Воронцов. Перезагрузка. Книга 2 — страница 19 из 43

Я спустил колесо ещё чуть ниже, чтобы оно глубже зачерпывало воду, зафиксировал лебёдку клином и махнул рукой мужикам:

— На пригорок, орлы! Бревно спускаем! Пора нашу красавицу испытать по-настоящему!

Все как один бросились к штабелю брёвен, что мы привезли вчера. Взяли сосновое бревно, лёгкое, пахнущее смолой и лесной свежестью. Кора местами была ободрана, обнажая желтоватую древесину, смола застыла прозрачными каплями. Прохор с Ильёй, пыхтя и перебрасываясь короткими командами, подтащили его к жёлобу, что мы восстановили после пожара. Жёлоб был выстелен новыми досками, отполированными до блеска — по ним бревно должно скользить, как по маслу.

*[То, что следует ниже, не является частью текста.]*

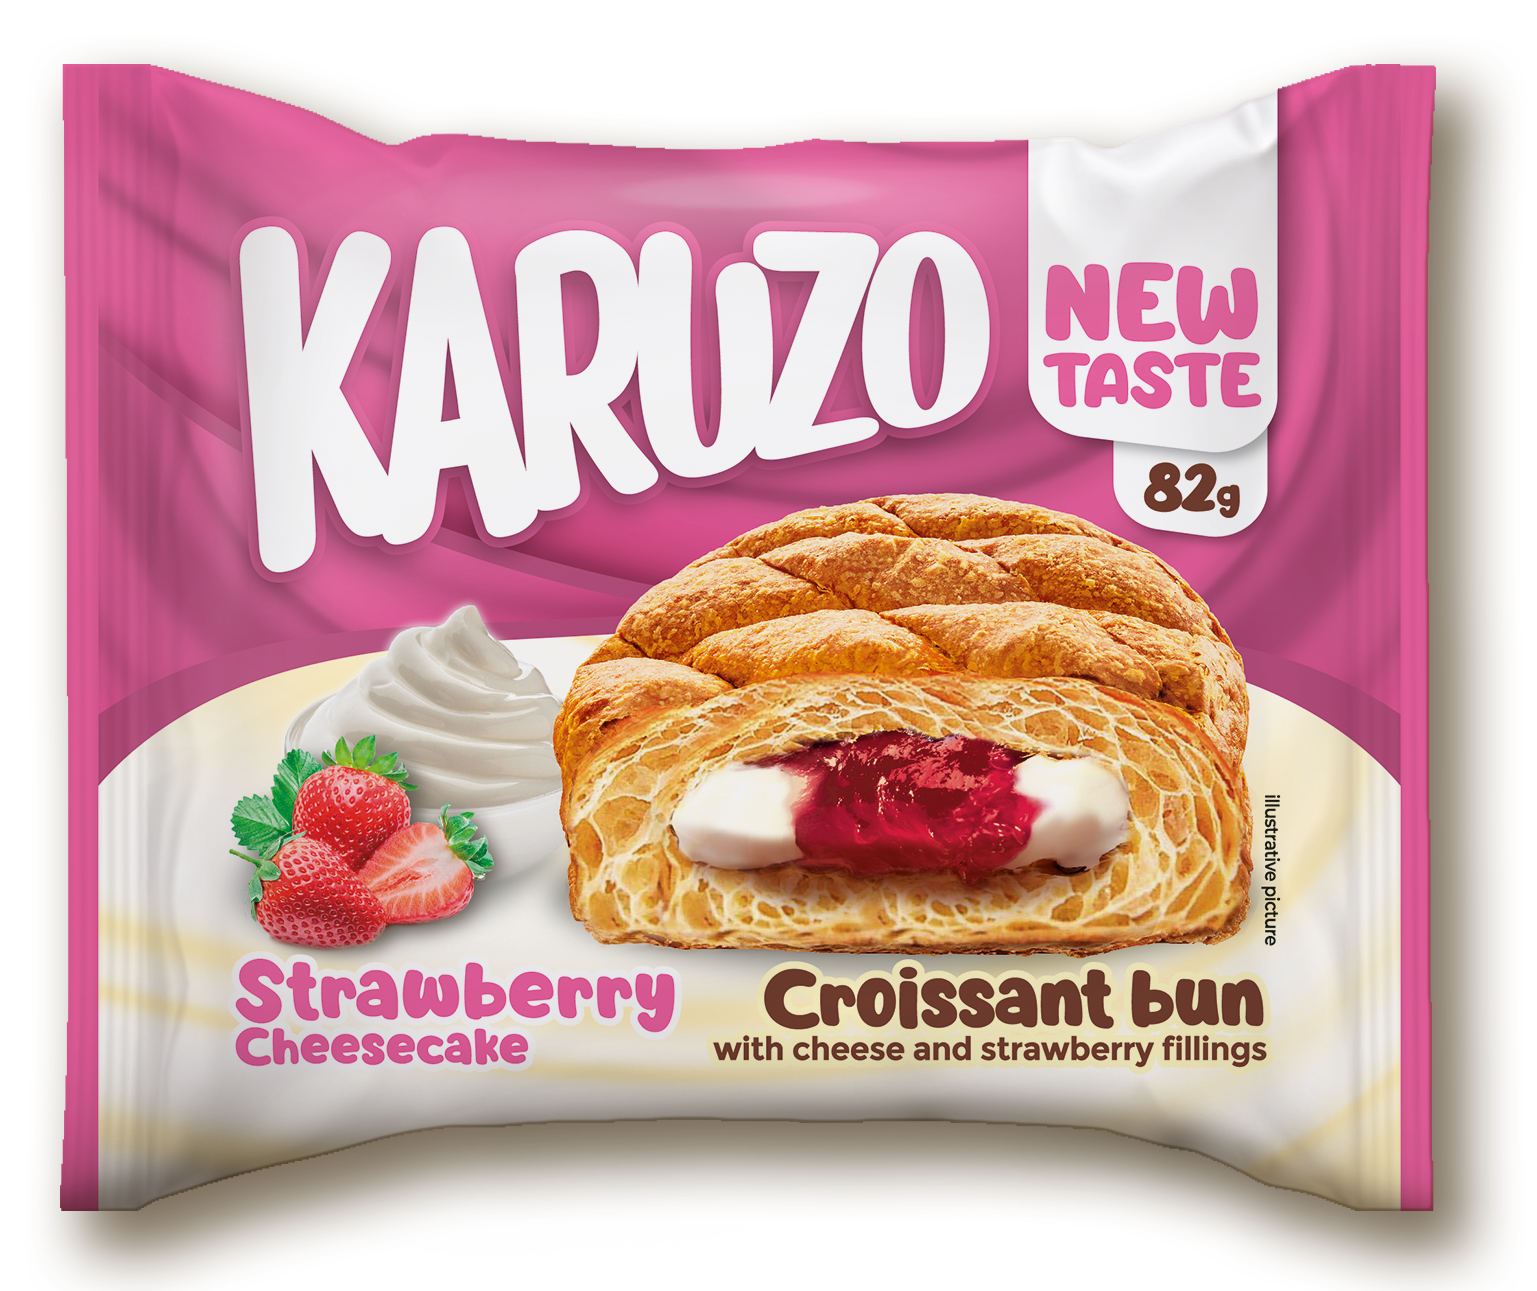 Karuzo 80g Strawberry new

Все затаили дыхание, будто на фокус смотрели. Даже Ночка, привязанная к дереву, перестала фыркать и жевать траву, словно тоже заинтересовалась происходящим. Я прикинул: вот он момент истины, сейчас всё и решится — или праздник, или конфуз.

— Ну, с Богом, — выдохнул я, перекрестившись.

Бревно, подтолкнутое Ильёй и Прохором, скользнув, плавно пошло вниз, набирая скорость. Сердце стучало, как молот в кузне — громко и часто. Когда оно коснулось пил, раздался звук — резкий и пронзительный, но такой сладкий для моих ушей, что мурашки побежали по спине. Доски, тонкие, ровные, не такие как мужики кололи топором — с кривизной и щепой, начали проходить сквозь блок пил, опилки полетели, как пух с тополей, наполняя воздух древесным ароматом.

Прохор, перекрестясь широким крестом, вскрикнул, глаза его блестели:

— Мать честная, режет! Как по маслу идёт!

Митяй запрыгал ещё сильнее, размахивая руками:

— Глядите, глядите! Ровные какие выходят!

Пётр, улыбаясь во весь рот, хлопнул меня по плечу так, что я чуть не присел:

— Знал, что получится, Егор Андреевич! Никто не верил, а я знал!

А Илья, обычно немногословный, пробормотал, почесывая затылок:

— Барин, это ж… чудо прям какое!

Я не отвечал — не мог, горло перехватило от волнения.

Пока первое бревно, сосновое, пахнущее смолой, допиливалось в жёлобе, мы с Ильёй, не сговариваясь, метнули сверху ещё одно, чтоб подпирало, не давая первому застрять или соскочить. Каретка с пилами гудела, как рой пчёл в жаркий полдень, кривошип стучал четко, без перебоев, а Быстрянка бурлила, весело крутя колесо, будто радуясь новой игрушке.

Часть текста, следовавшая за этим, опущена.